With the graph in Neo4j we can now project it into the graph catalog to prepare it for the pipeline execution. We do this using a native projection targeting the House and UnknownHouse labels. We will also project the sizeOfStory property to use as a model feature, and the price property to use as a target feature.

In the examples below we will use named graphs and native projections as the norm. However, Cypher projections can also be used.

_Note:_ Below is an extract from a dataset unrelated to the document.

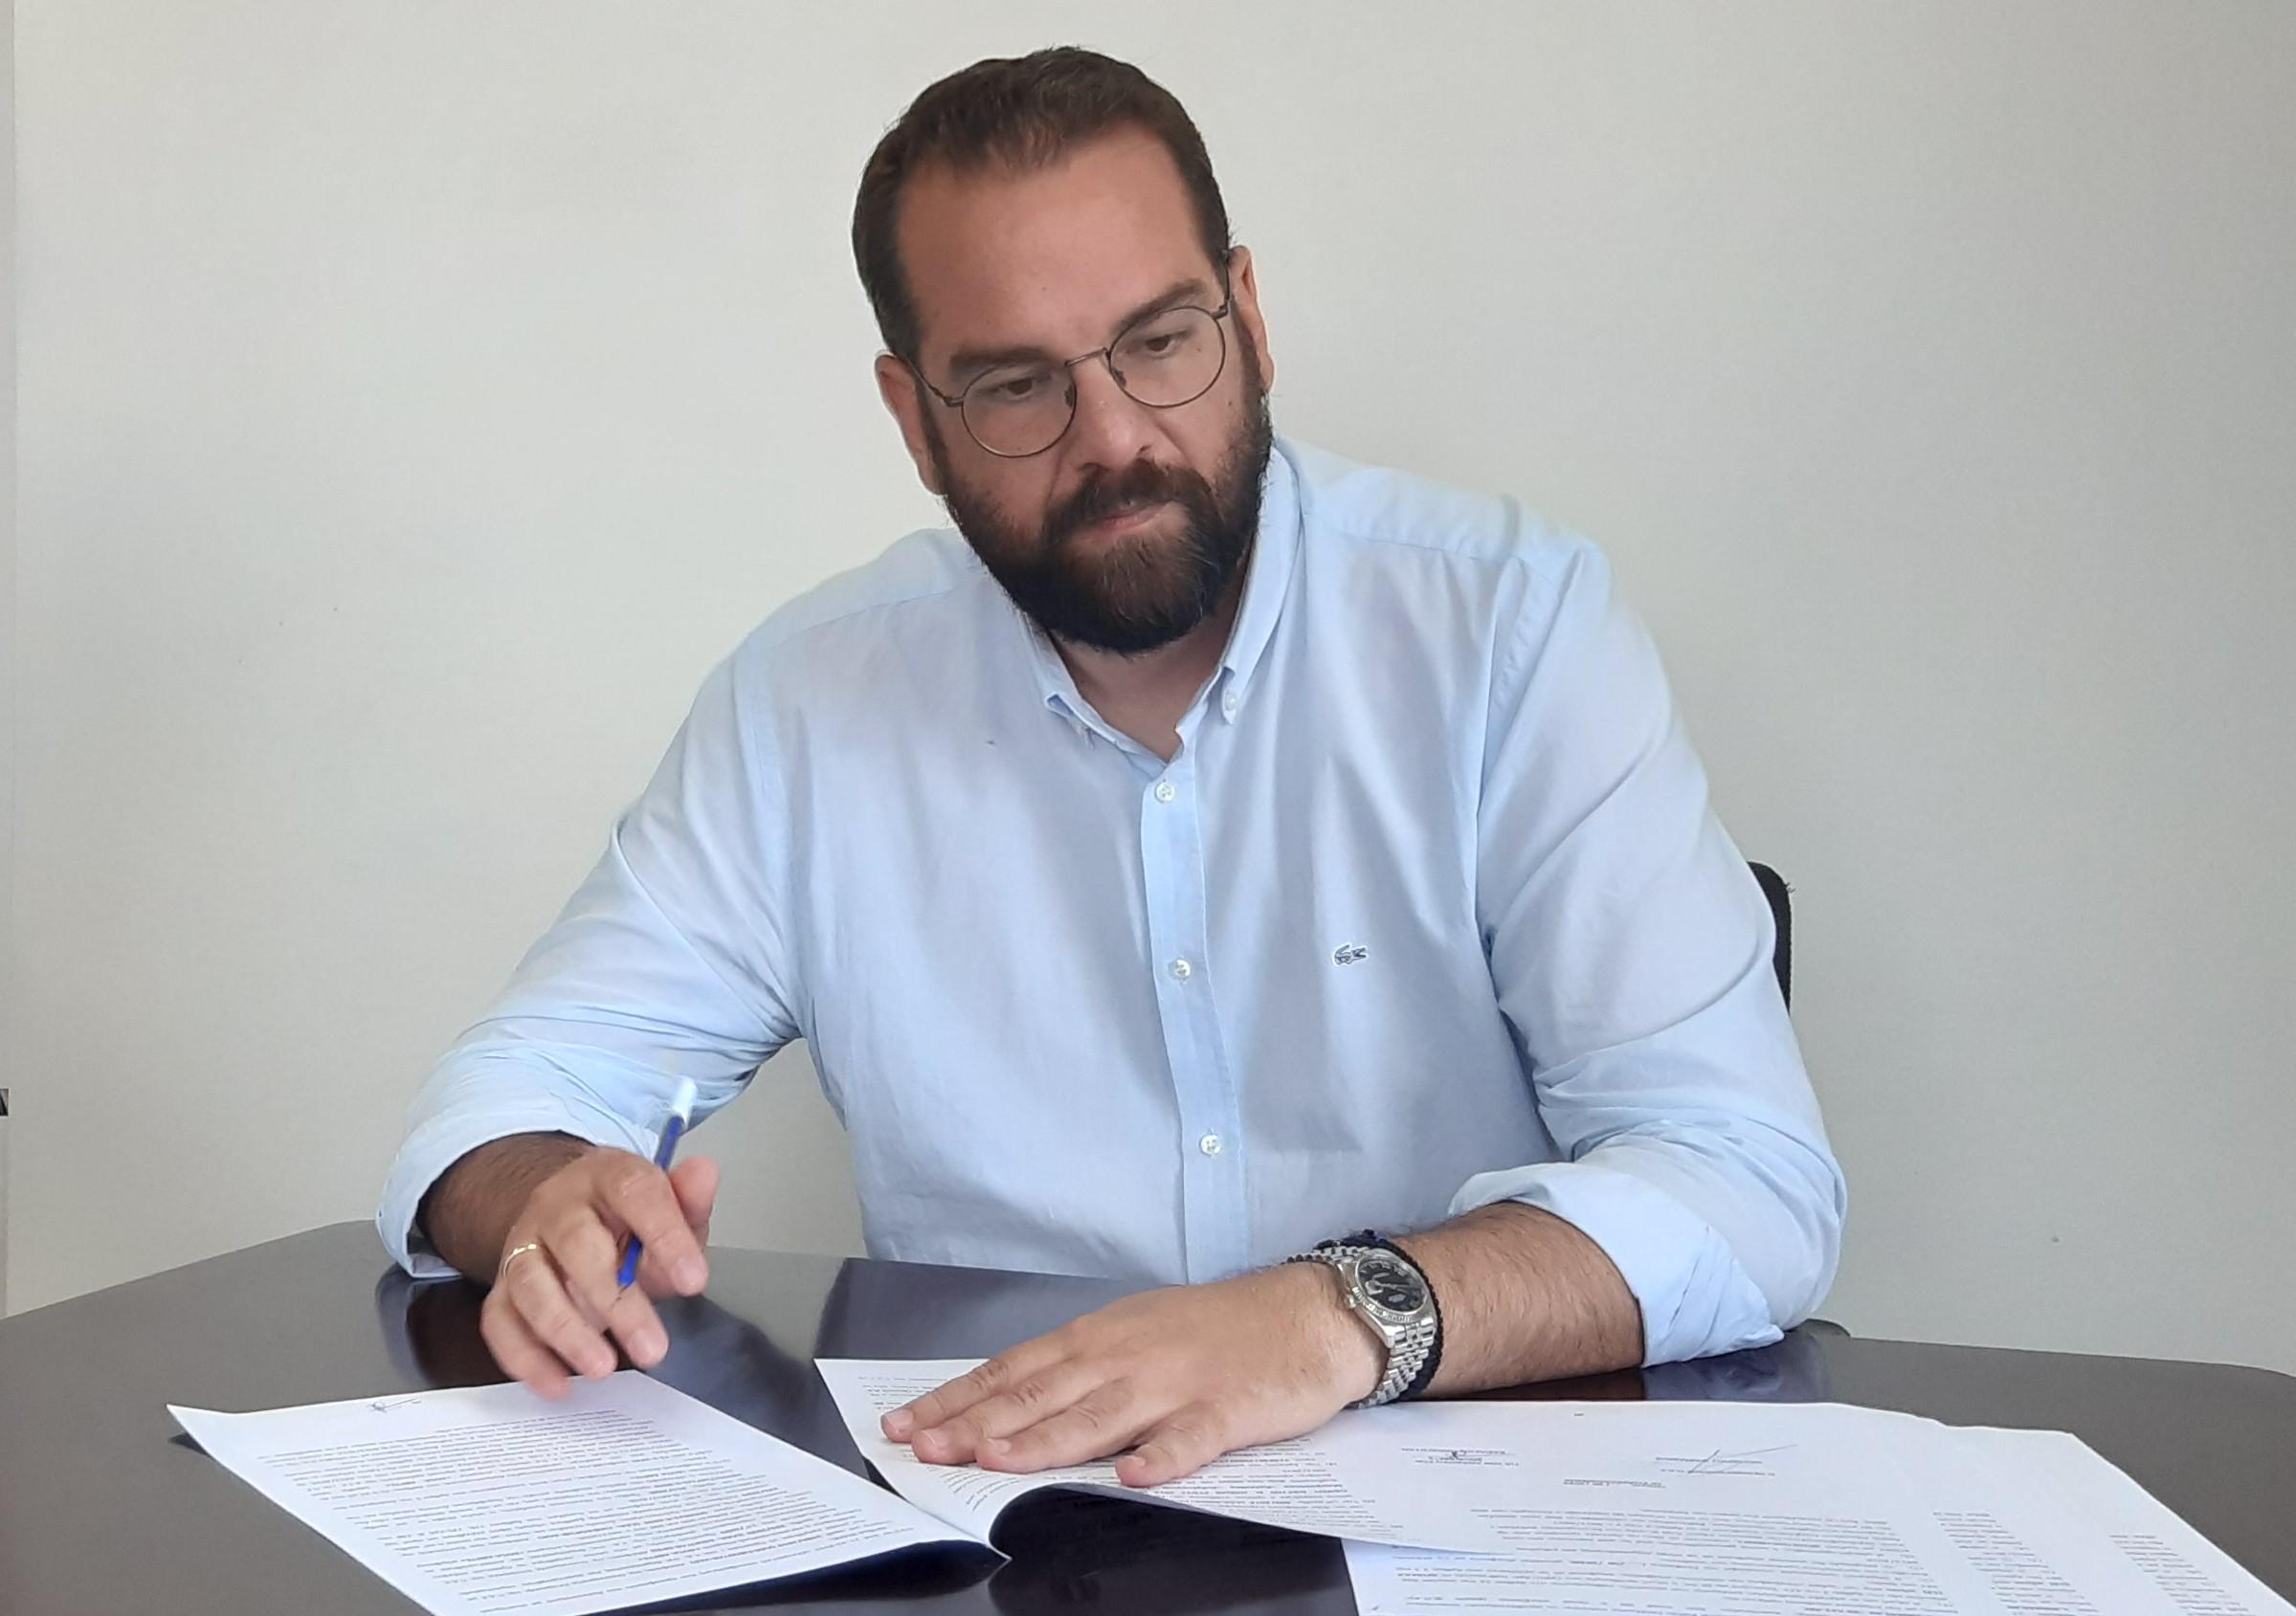 Προχωρούν οι μελέτες για τη δημιουργία επιχειρηματικών πάρκων στην Δυτική Ελλάδα

The following statement will project a graph using a native projection and store it in the graph catalog under the name 'myGraph'.
CALL gds.graph.project('myGraph', {
    House: { properties: ['sizePerStory', 'price'] },
    UnknownHouse: { properties: 'sizePerStory' }
  },
  '*'
)

3.1. Train

In the following examples we will demonstrate running the Node Regression training pipeline on this graph. We will train a model to predict the price of a house, based on its sizePerStory property. The configuration of the pipeline is the result of running the examples on the previous page:

The following will train a model using a pipeline:
CALL gds.alpha.pipeline.nodeRegression.train('myGraph', {
  pipeline: 'pipe',
  nodeLabels: ['House'],
  modelName: 'nr-pipeline-model',
  targetProperty: 'price',
  randomSeed: 42,
  concurrency: 1,
  metrics: ['MEAN_SQUARED_ERROR']
}) YIELD modelInfo
RETURN
  modelInfo.bestParameters AS winningModel,
  modelInfo.metrics.MEAN_SQUARED_ERROR.train.avg AS avgTrainScore,
  modelInfo.metrics.MEAN_SQUARED_ERROR.outerTrain AS outerTrainScore,
  modelInfo.metrics.MEAN_SQUARED_ERROR.test AS testScore
Table 5. Results
winningModel avgTrainScore outerTrainScore testScore

{maxDepth=2147483647, minLeafSize=1, minSplitSize=2, numberOfDecisionTrees=5, methodName=RandomForest, numberOfSamplesRatio=1.0}

1227.8052857714285

1568.8735900000001

1996.408637333333

Here we can observe that the RandomForest candidate with 5 decision trees performed the best in the training phase. Notice that this is just a toy example on a very small graph. In order to achieve a higher test score, we may need to use better features, a larger graph, or different model configuration.